In [6], Aral and Gupta constructed the q-Baskakov operator as

${Z}_{n}^{q}\left(f\right)\left(x\right)=\sum _{k=0}^{\mathrm{\infty }}\left[\begin{array}{c}n+k-1\\ k\end{array}\right]{q}^{\frac{k\left(k-1\right)}{2}}{z}^{k}{\left(-x,q\right)}_{n+k}^{-1}f\left(\frac{\left[k\right]}{{q}^{k-1}\left[n\right]}\right),\phantom{\rule{1em}{0ex}}n\in \mathbb{N},$

where $x\ge 0$, $q>0$ and f is a real-valued continuous function on $\left[0,\mathrm{\infty }\right)$. The authors studied the rate of convergence in a polynomial weighted norm and gave a theorem related to monotonic convergence of the sequence of operators with respect to n. Not only they proved a kind of monotonicity by means of q-derivative but also they expressed the operator in terms of divided differences as follows:

${W}_{n,q}\left(f\right)\left(x\right)=\sum _{j=0}^{\mathrm{\infty }}\frac{\left[n+j-1\right]!}{\left[n-1\right]!}{q}^{\frac{-j\left(j-1\right)}{2}}\left[0,\frac{1}{\left[n\right]},\frac{\left[2\right]}{q\left[n\right]},\dots ,\frac{\left[j\right]}{{q}^{j-1}\left[n\right]};f\right]\frac{{x}^{j}}{{\left[n\right]}^{j}}$
(1.2)

$n\in \mathbb{N}$, similar to the case of classical Baskakov operators in the sense of Lupaş in [7]. That is to say, ${Z}_{n}^{q}\left(f\right)\left(x\right)={W}_{n,q}\left(f\right)\left(x\right)$ for $x\ge 0$ and $q>0$, so they proved that

$\left[0,\frac{1}{\left[n\right]},\frac{\left[2\right]}{q\left[n\right]},\dots ,\frac{\left[j\right]}{{q}^{j-1}\left[n\right]};f\right]=\frac{{q}^{j\left(j-1\right)}{\mathrm{\nabla }}_{q}^{j}f\left(0\right)}{\left[j\right]!}{\left[n\right]}^{j}=\frac{{f}^{\left(j\right)}\left(\zeta \right)}{j!},\phantom{\rule{1em}{0ex}}\zeta \in \left(0,\frac{\left[j\right]}{{q}^{j-1}\left[n\right]}\right),$
(1.3)

where ${\mathrm{\nabla }}_{q}^{r}$ stands for q-divided differences given by ${\mathrm{\nabla }}_{q}^{0}f\left({x}_{j}\right)$,

${\mathrm{\nabla }}_{q}^{r+1}f\left({x}_{j}\right)={q}^{r}{\mathrm{\nabla }}_{q}^{r}f\left({x}_{j+1}\right)-{\mathrm{\nabla }}_{q}^{r}f\left({x}_{j}\right)$

for $r\in \mathbb{N}\cup \left\{0\right\}$.

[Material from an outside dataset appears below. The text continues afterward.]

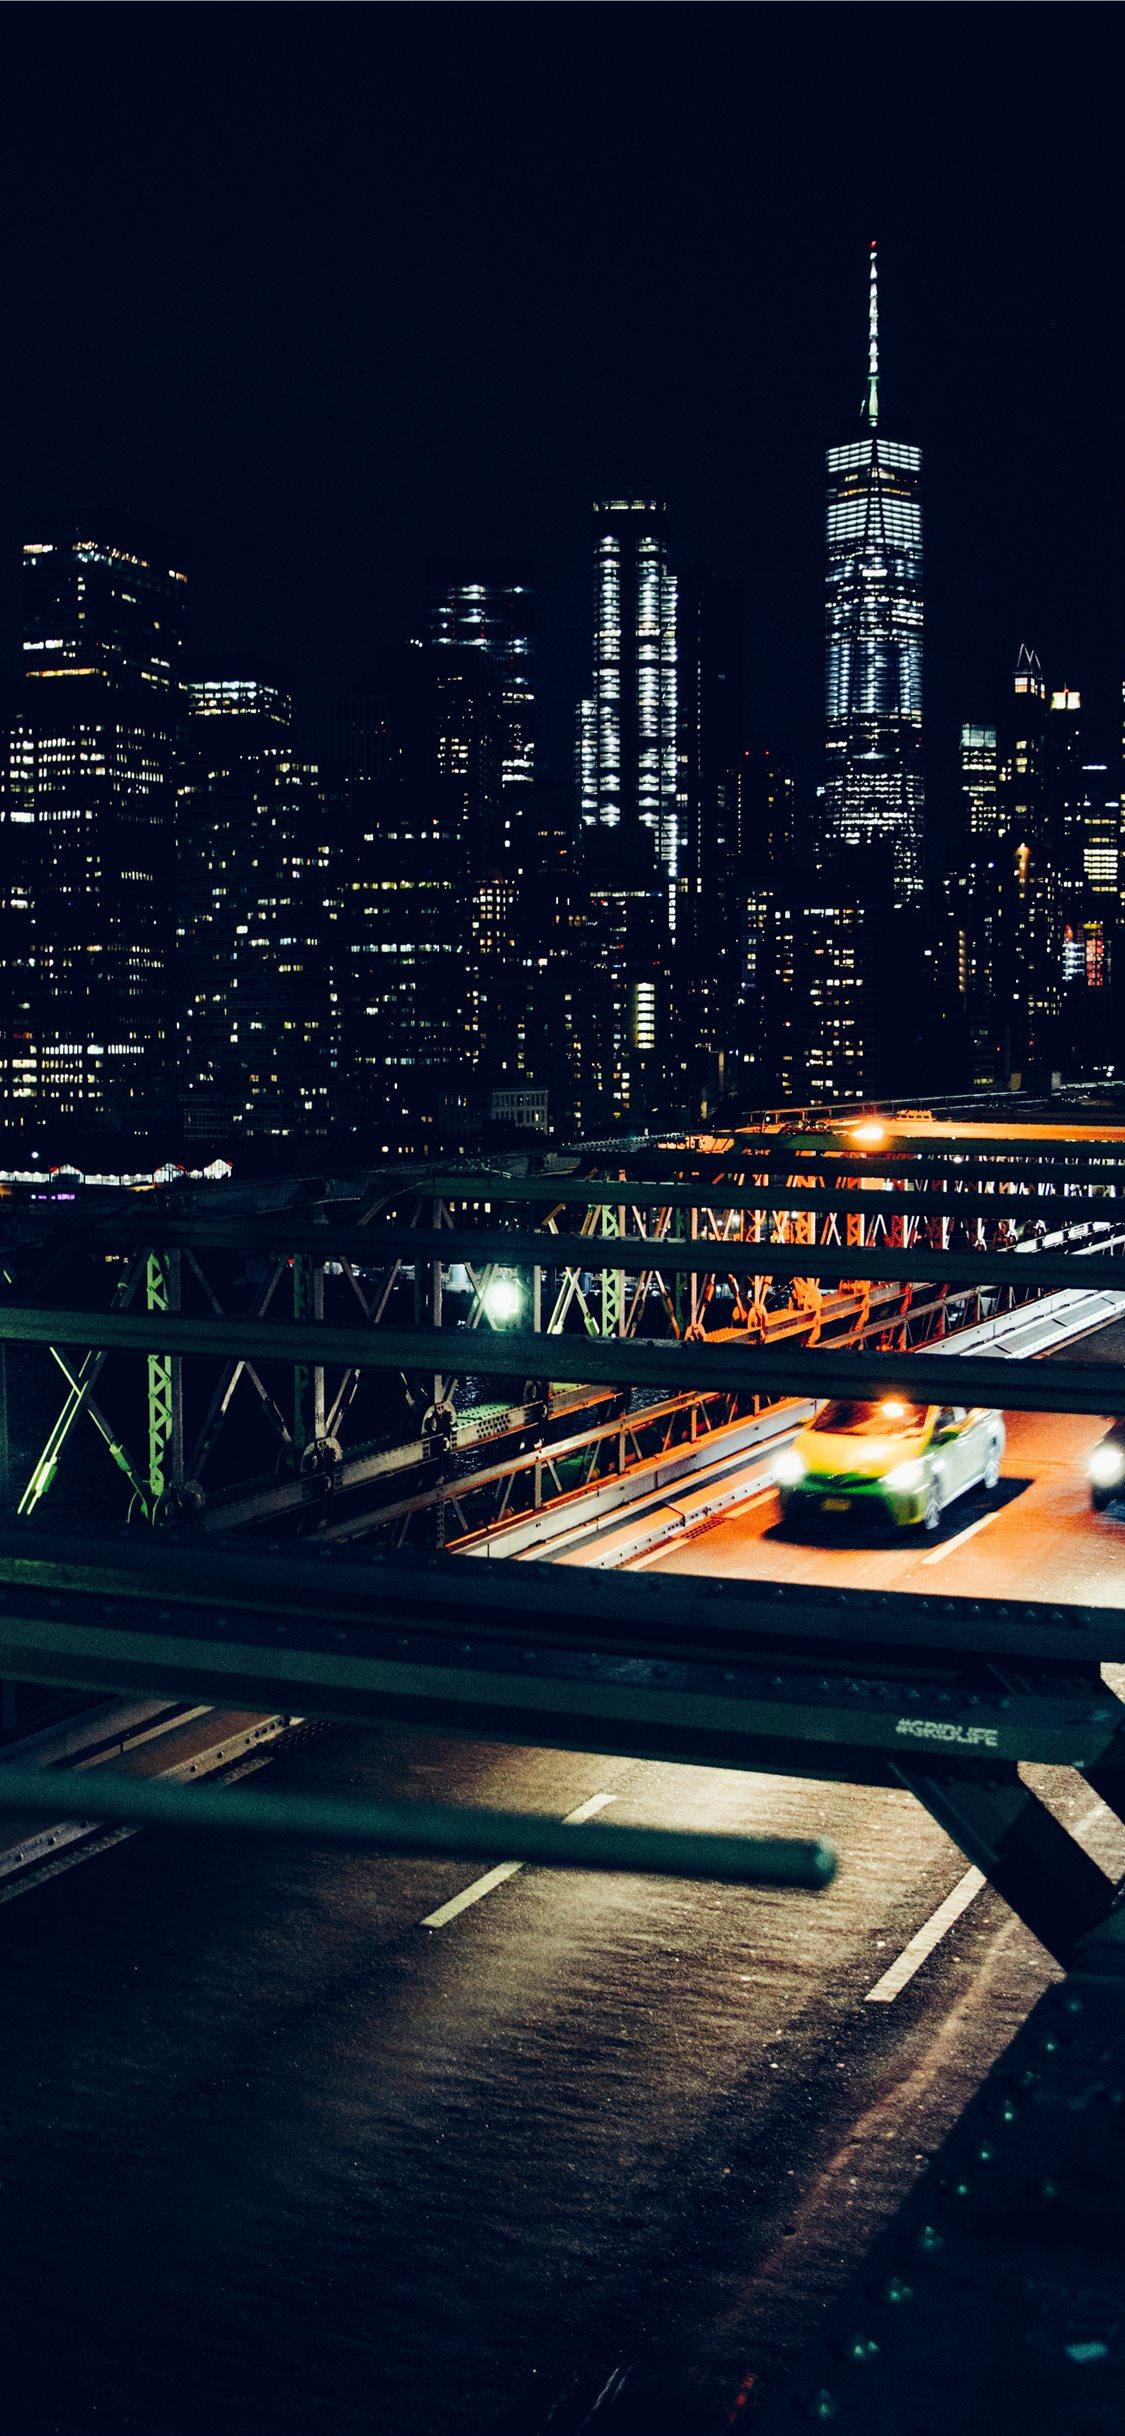 Iphone Xs Max Wallpapers New York 1125x2436 Wallpaper Teahub Io

A different type of the q-Baskakov operator was also given by Aral and Gupta in [8]. In [9] Finta and Gupta studied the q-Baskakov operator ${Z}_{n}^{q}\left(f\right)\left(x\right)$ for $0. Using the second-order Ditzian-Totik modulus of smoothness, they gave direct estimates. They also introduced the limit q-Baskakov operator.

In [10] Gupta and Radu introduced a q-analogue of Baskakov-Kantorovich operators and studied weighted statistical approximation properties of them for $0. They also obtained some direct estimations for error with the help of weighted modulus of smoothness. Moreover, Durrmeyer-type modifications of q-Baskakov operators were studied in [11] and [12]. In [13], Söylemez, Tunca and Aral defined a complex form of q-Baskakov operators by

${W}_{n,q}\left(f\right)\left(z\right)=\sum _{j=0}^{\mathrm{\infty }}\frac{\left[n+j-1\right]!}{\left[n-1\right]!}{q}^{\frac{-j\left(j-1\right)}{2}}\left[0,\frac{1}{\left[n\right]},\frac{\left[2\right]}{q\left[n\right]},\dots ,\frac{\left[j\right]}{{q}^{j-1}\left[n\right]};f\right]\frac{{z}^{j}}{{\left[n\right]}^{j}}$
(1.4)

for $q>1$, $f:{\overline{D}}_{R}\cup \left[R,\mathrm{\infty }\right)\to \mathbb{C}$, replacing x by z in the operator ${W}_{n,q}\left(f\right)\left(x\right)$ given by (1.2). They obtained a quantitative estimate for simultaneous approximation, Voronovskaja-type result and degree of simultaneous approximation in compact disks.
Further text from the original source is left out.